• **Provided material**:
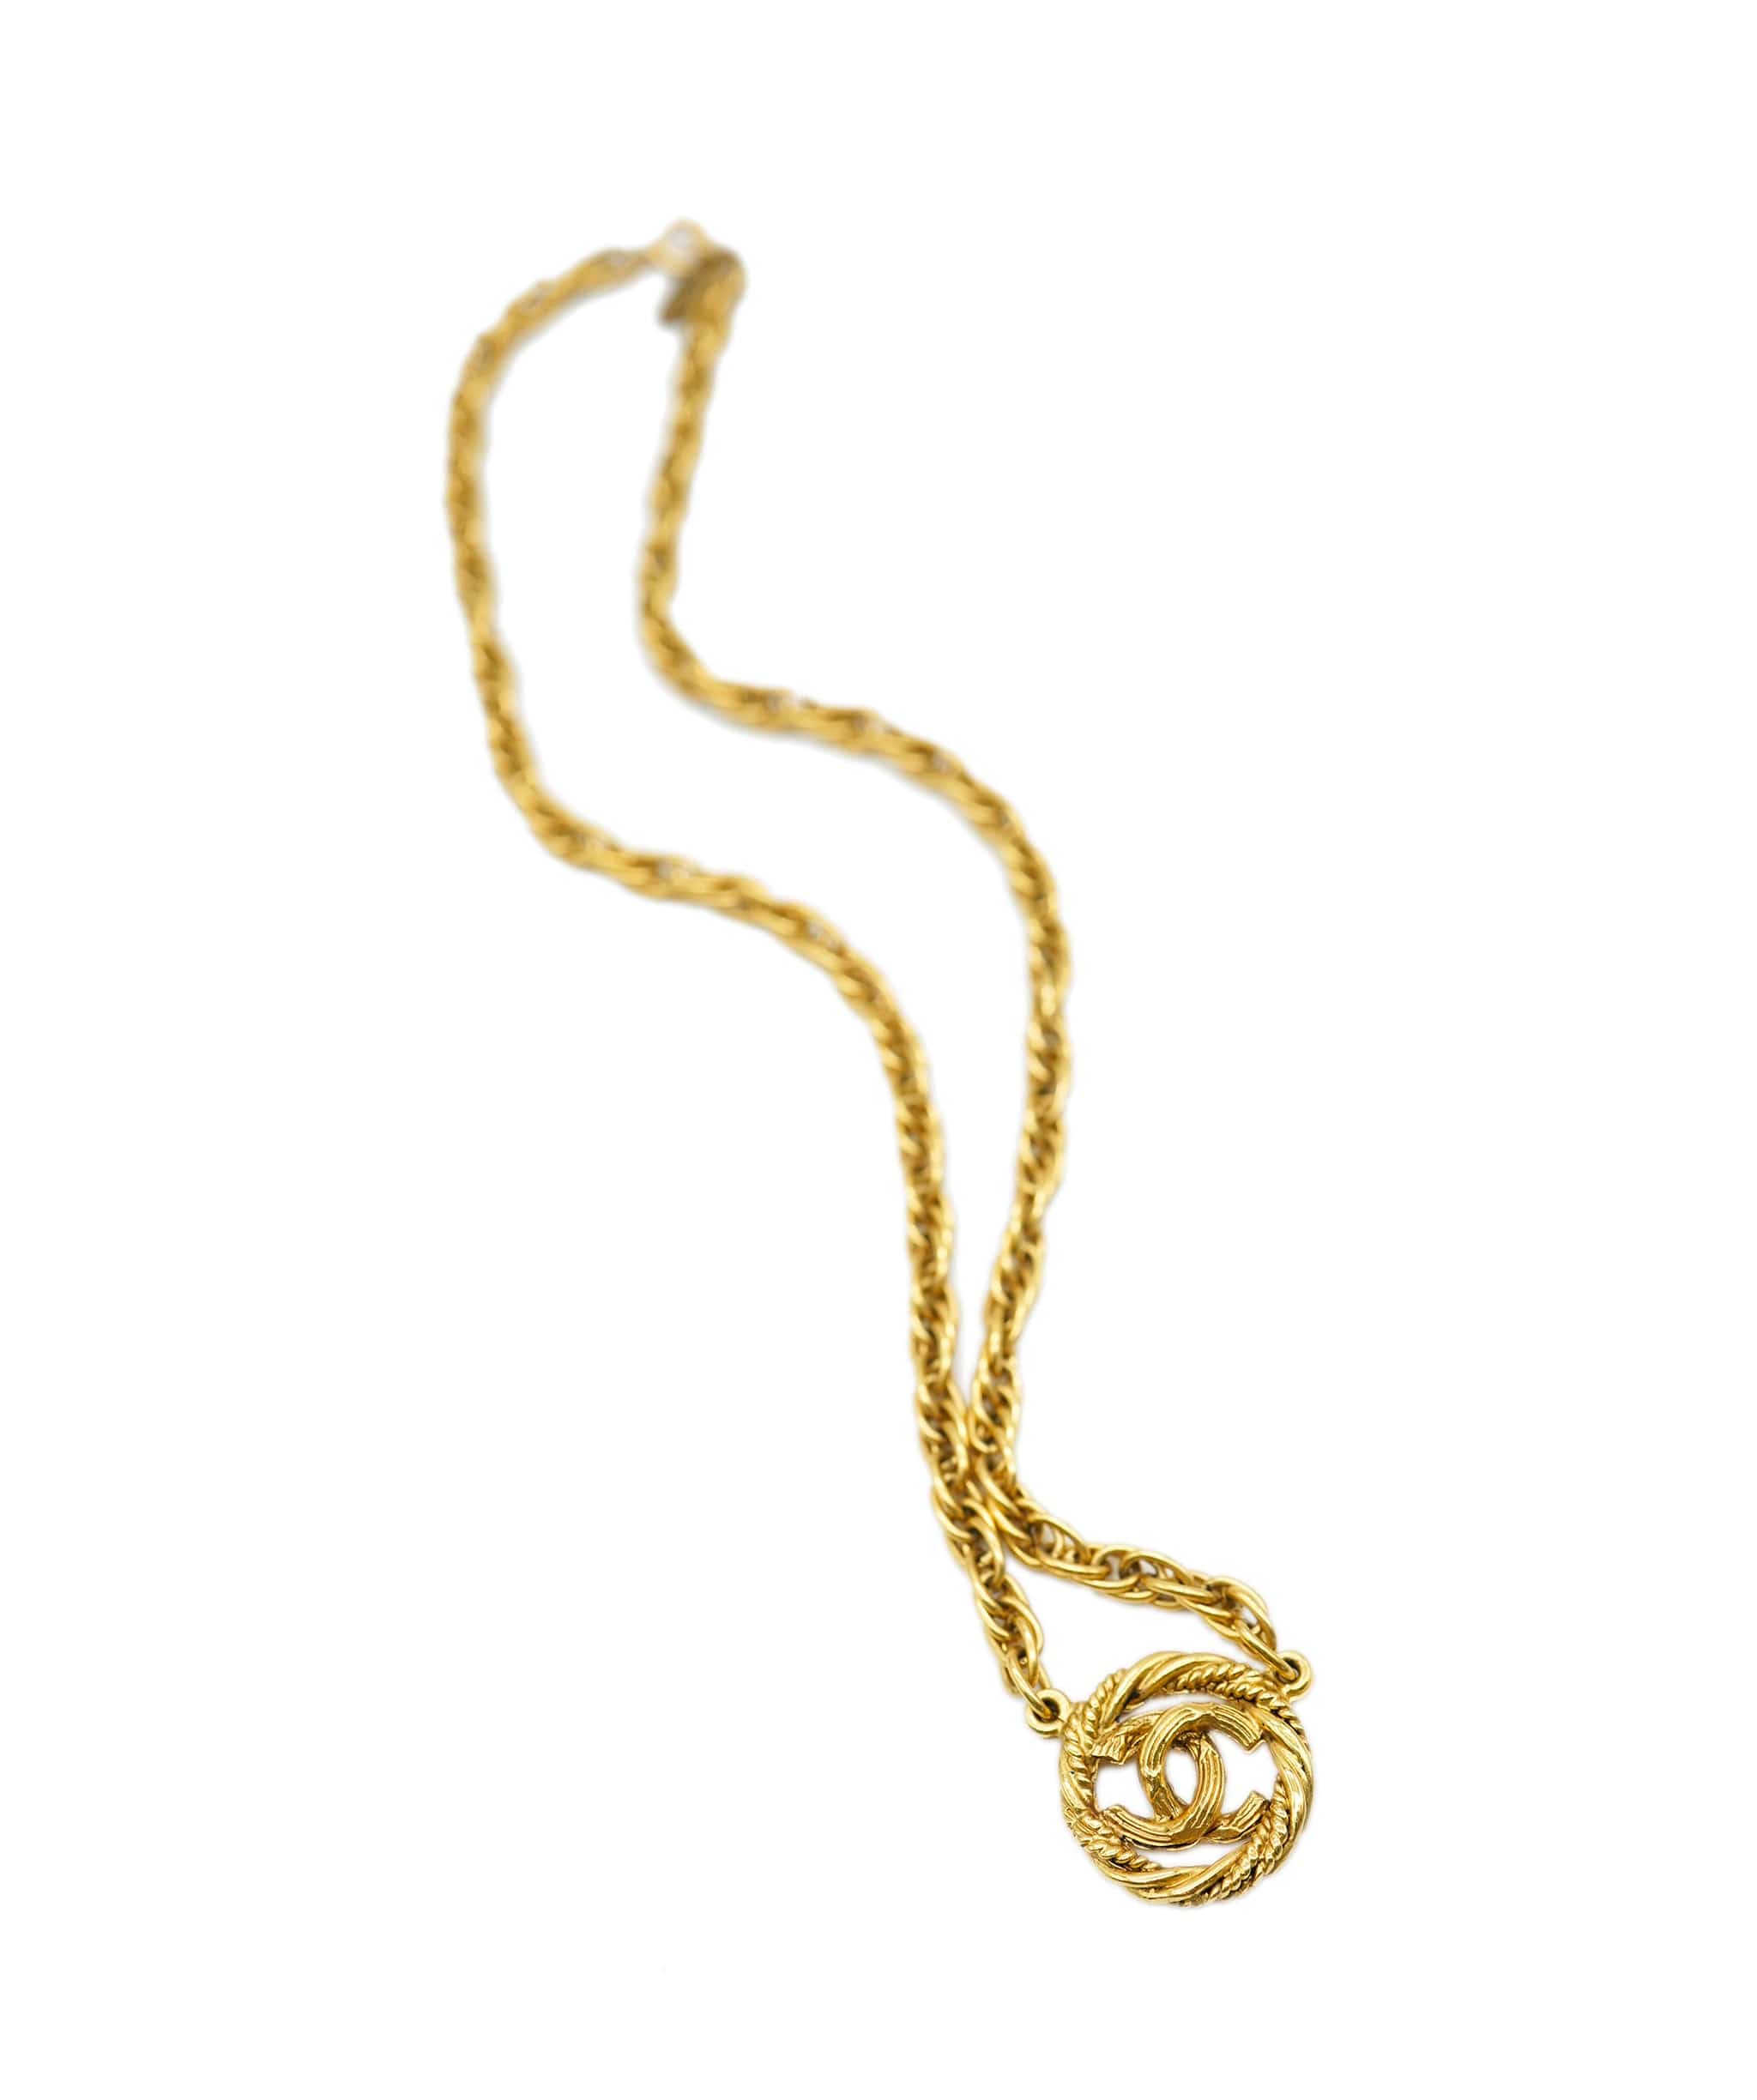 Chanel Chanel Vintage Medallion Necklace
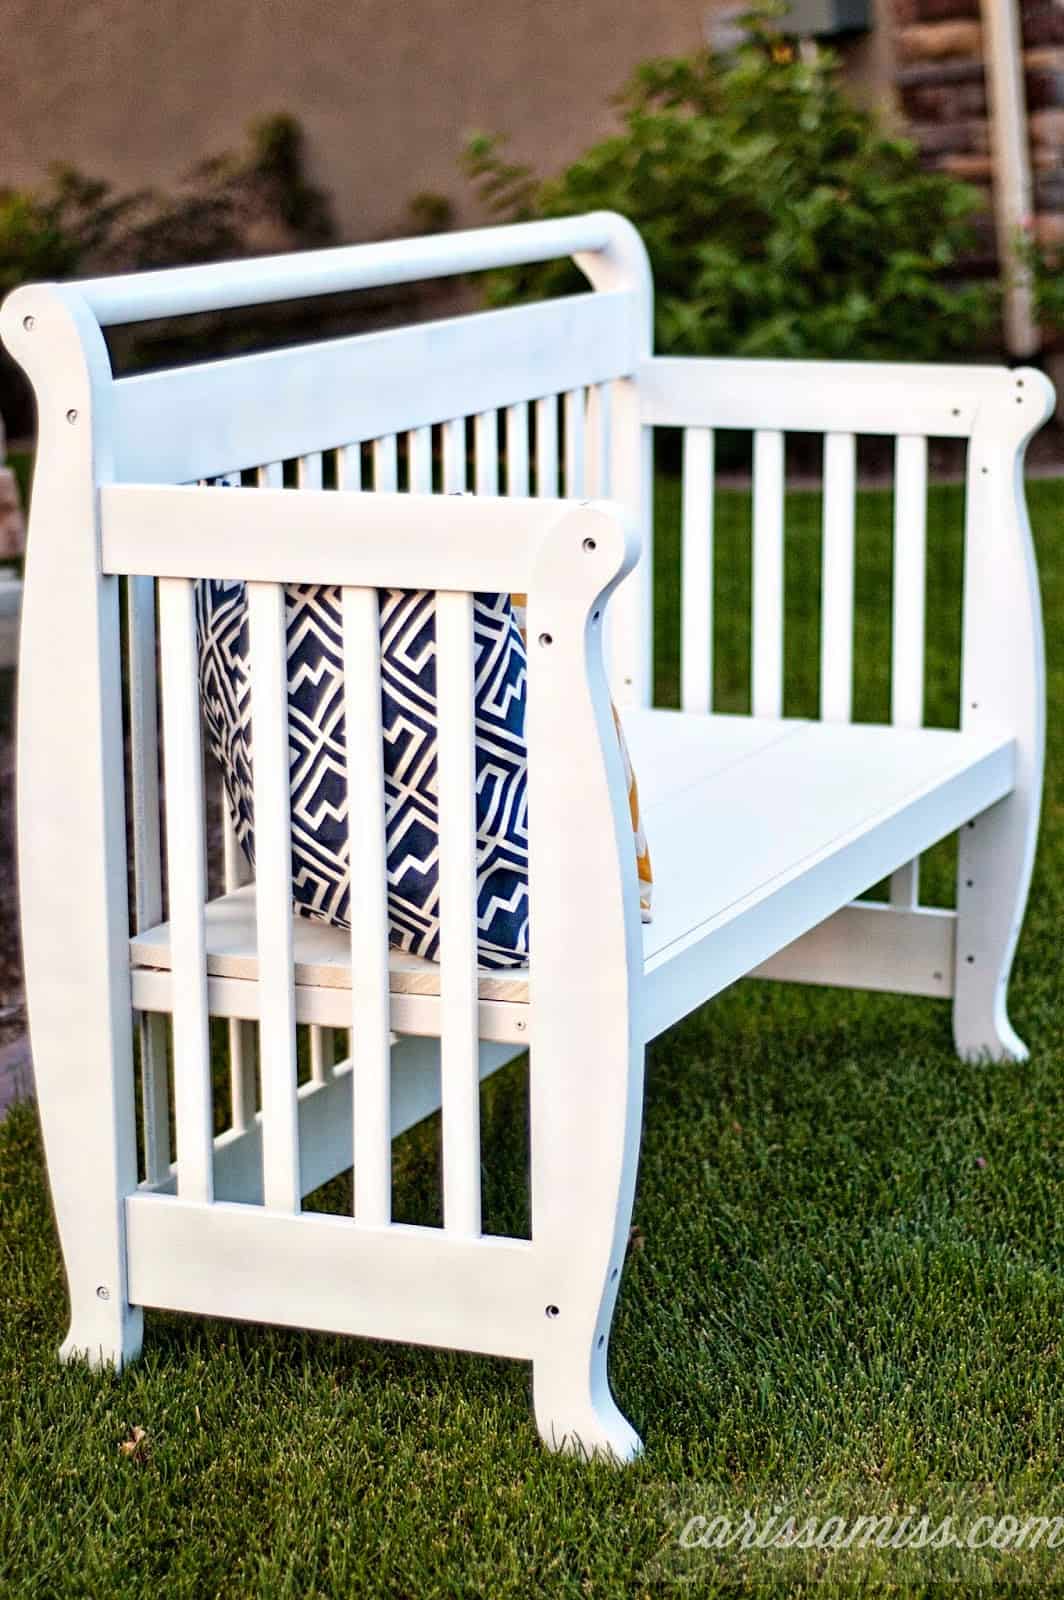 Crib to bench tutorial #DIY #paintedfurniture #repurpose #upcycle - www.countrychicpaint.com/blog
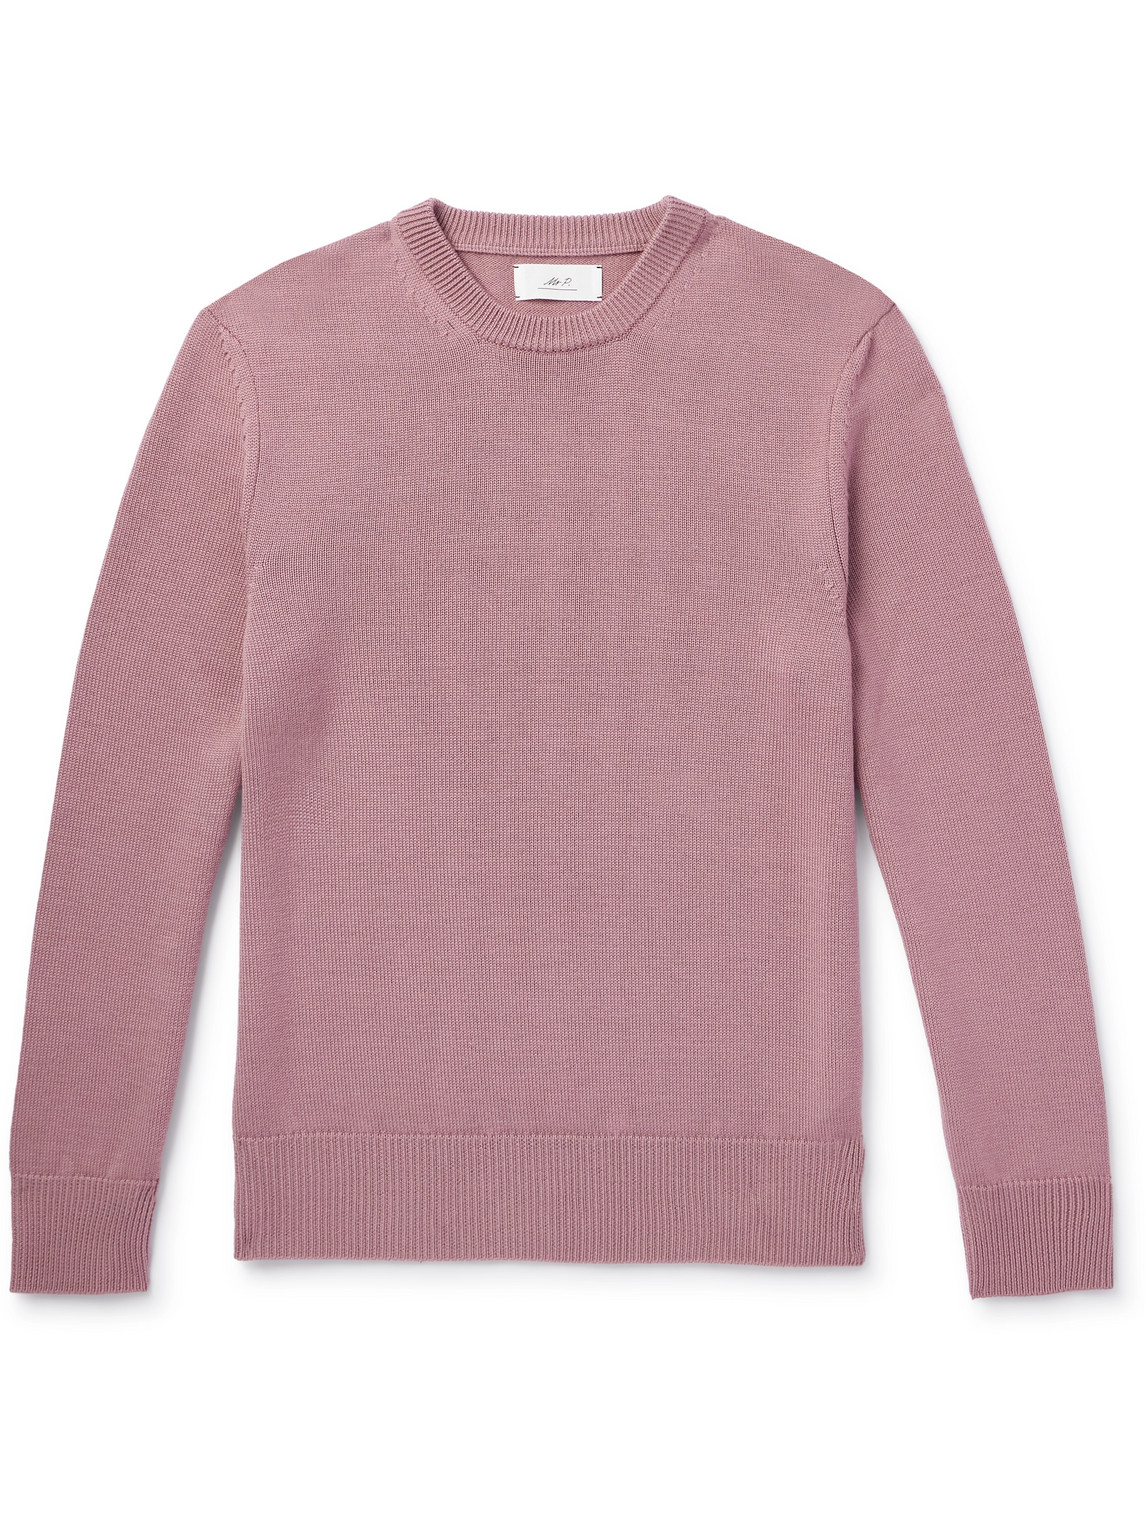 Mr P Golf Merino Wool Sweater In Pink

• **What you will do**:
Without the pictures, copy the material exactly as given.

• **Response area**:
 Chanel Chanel Vintage Medallion Necklace
 Crib to bench tutorial #DIY #paintedfurniture #repurpose #upcycle - www.countrychicpaint.com/blog
 Mr P Golf Merino Wool Sweater In Pink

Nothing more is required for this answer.